INFORMATION SHOWN: Begin
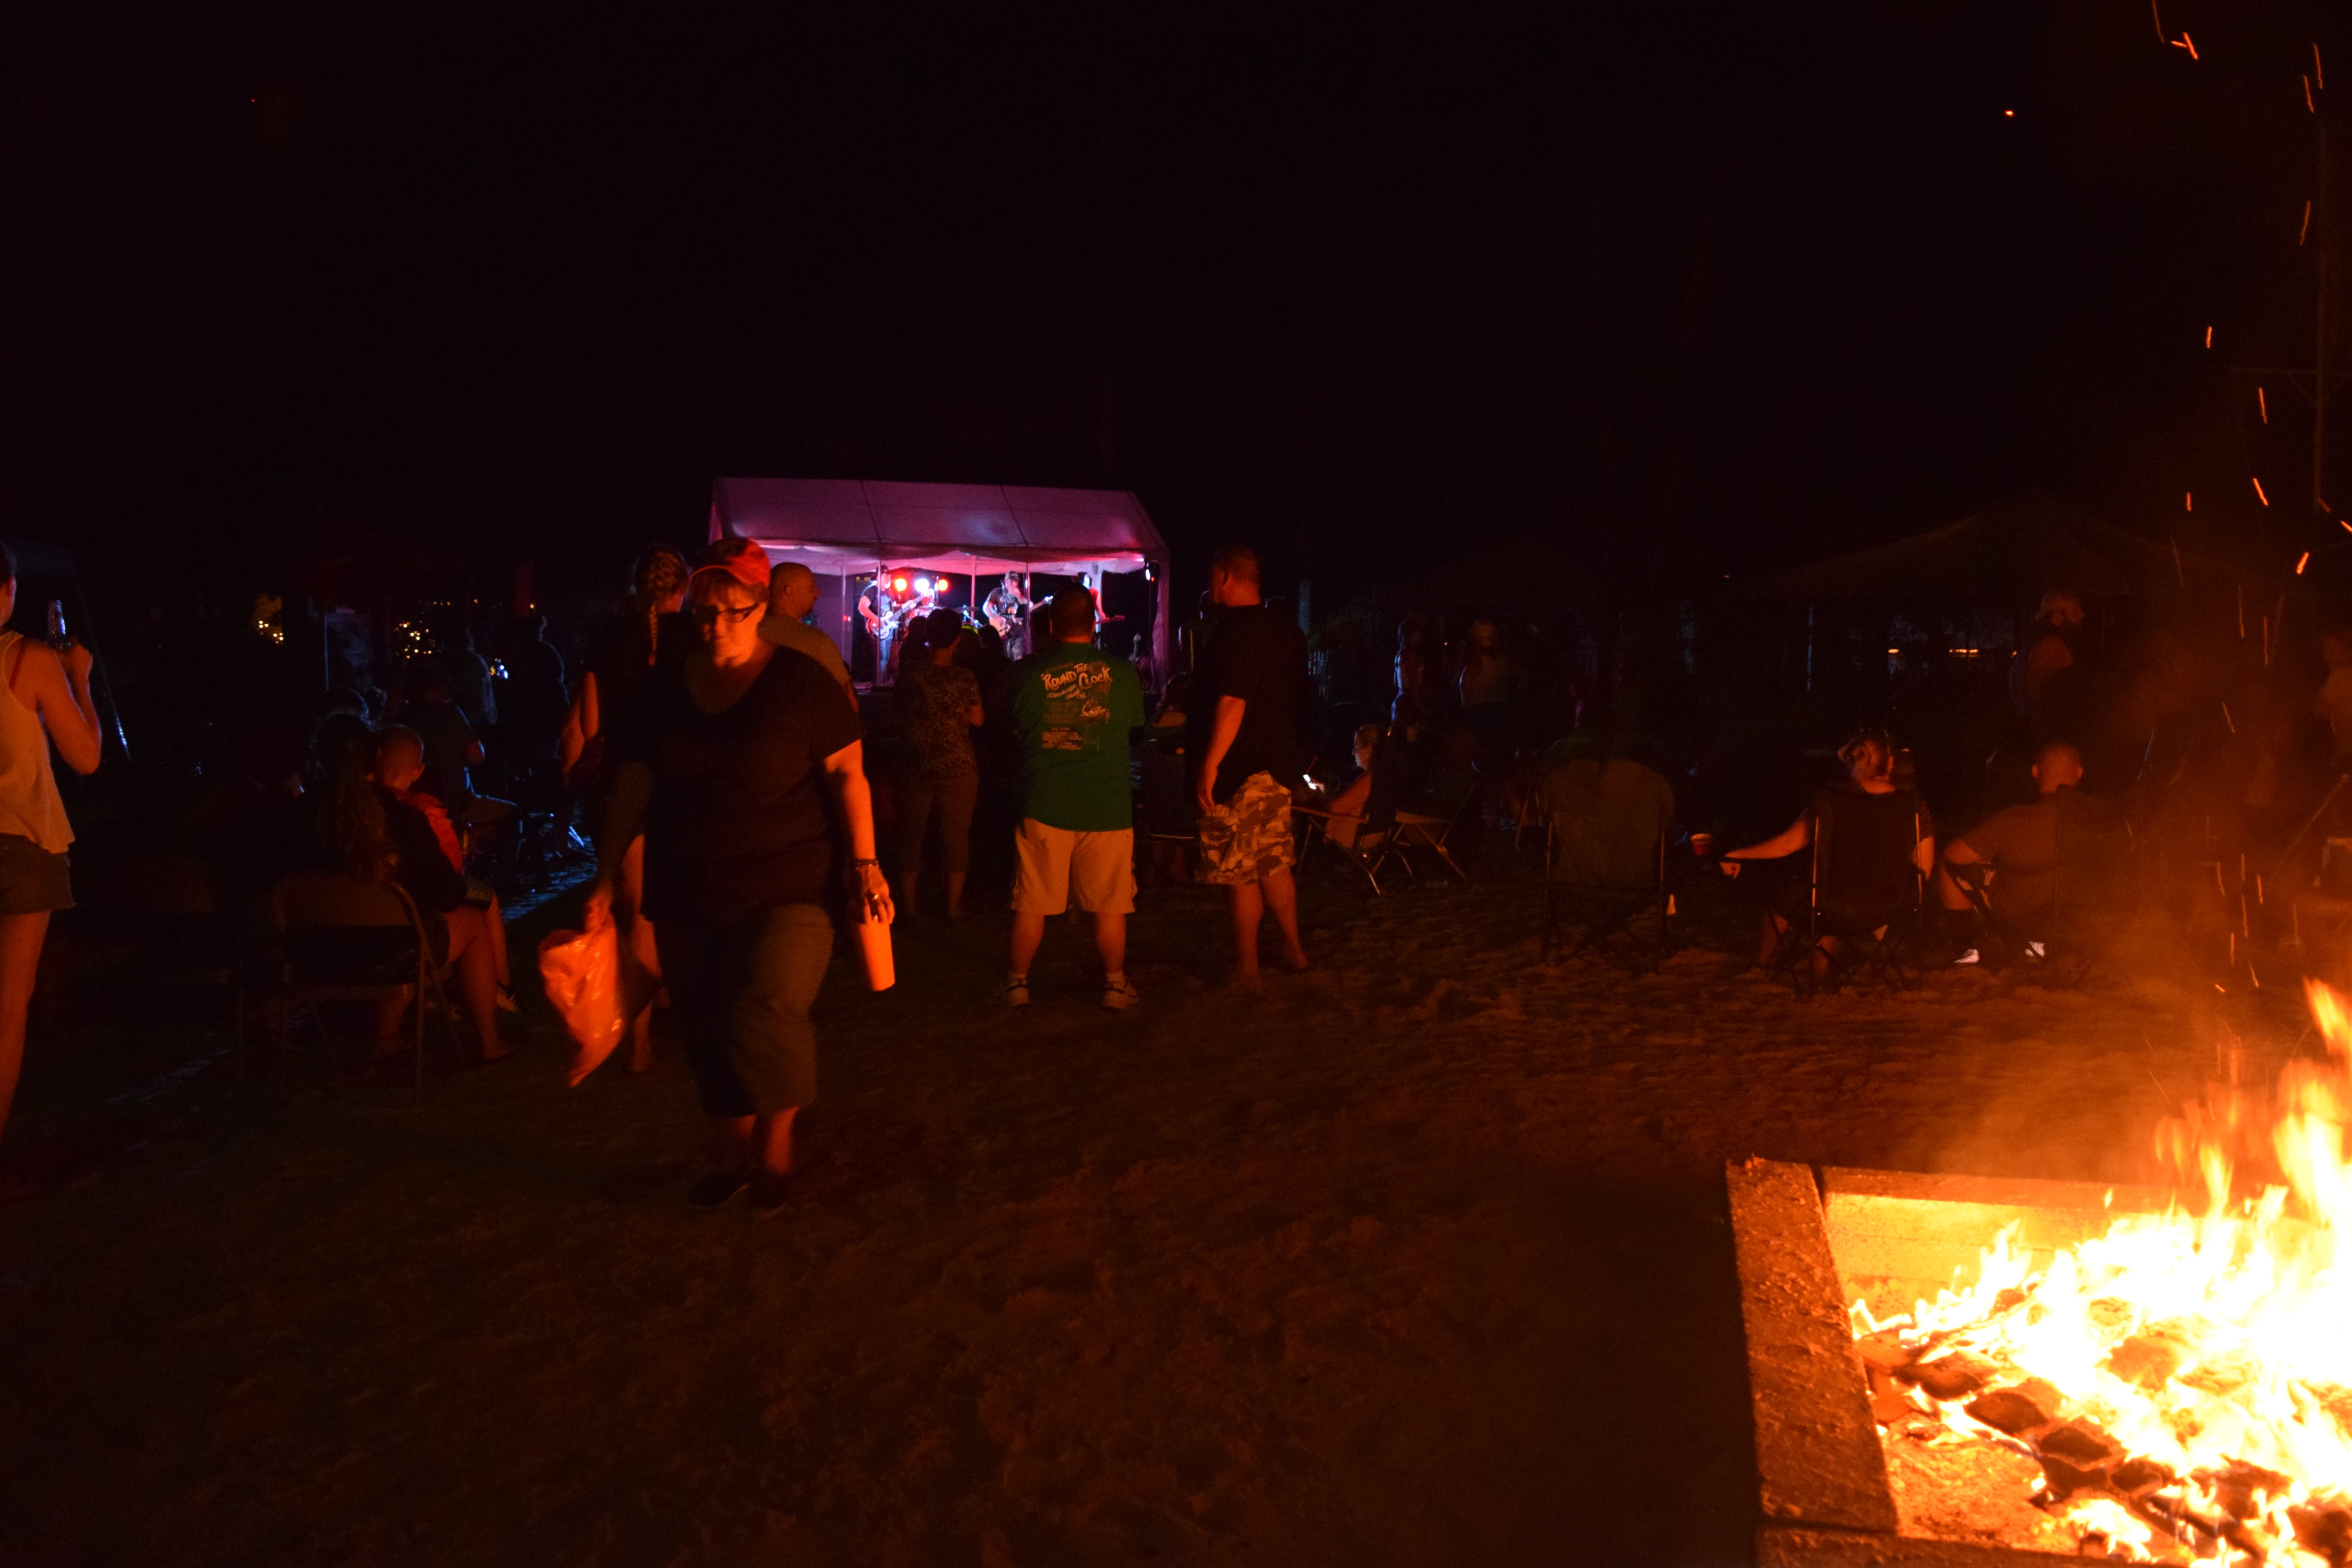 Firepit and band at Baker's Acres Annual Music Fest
INFORMATION SHOWN: End
INFORMATION SHOWN: Begin
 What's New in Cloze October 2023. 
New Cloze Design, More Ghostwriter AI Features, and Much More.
INFORMATION SHOWN: End
Every line with the word "Cloze" in it should be copied from the listing above.

## FINISHED TASK
 What's New in Cloze October 2023. 
New Cloze Design, More Ghostwriter AI Features, and Much More.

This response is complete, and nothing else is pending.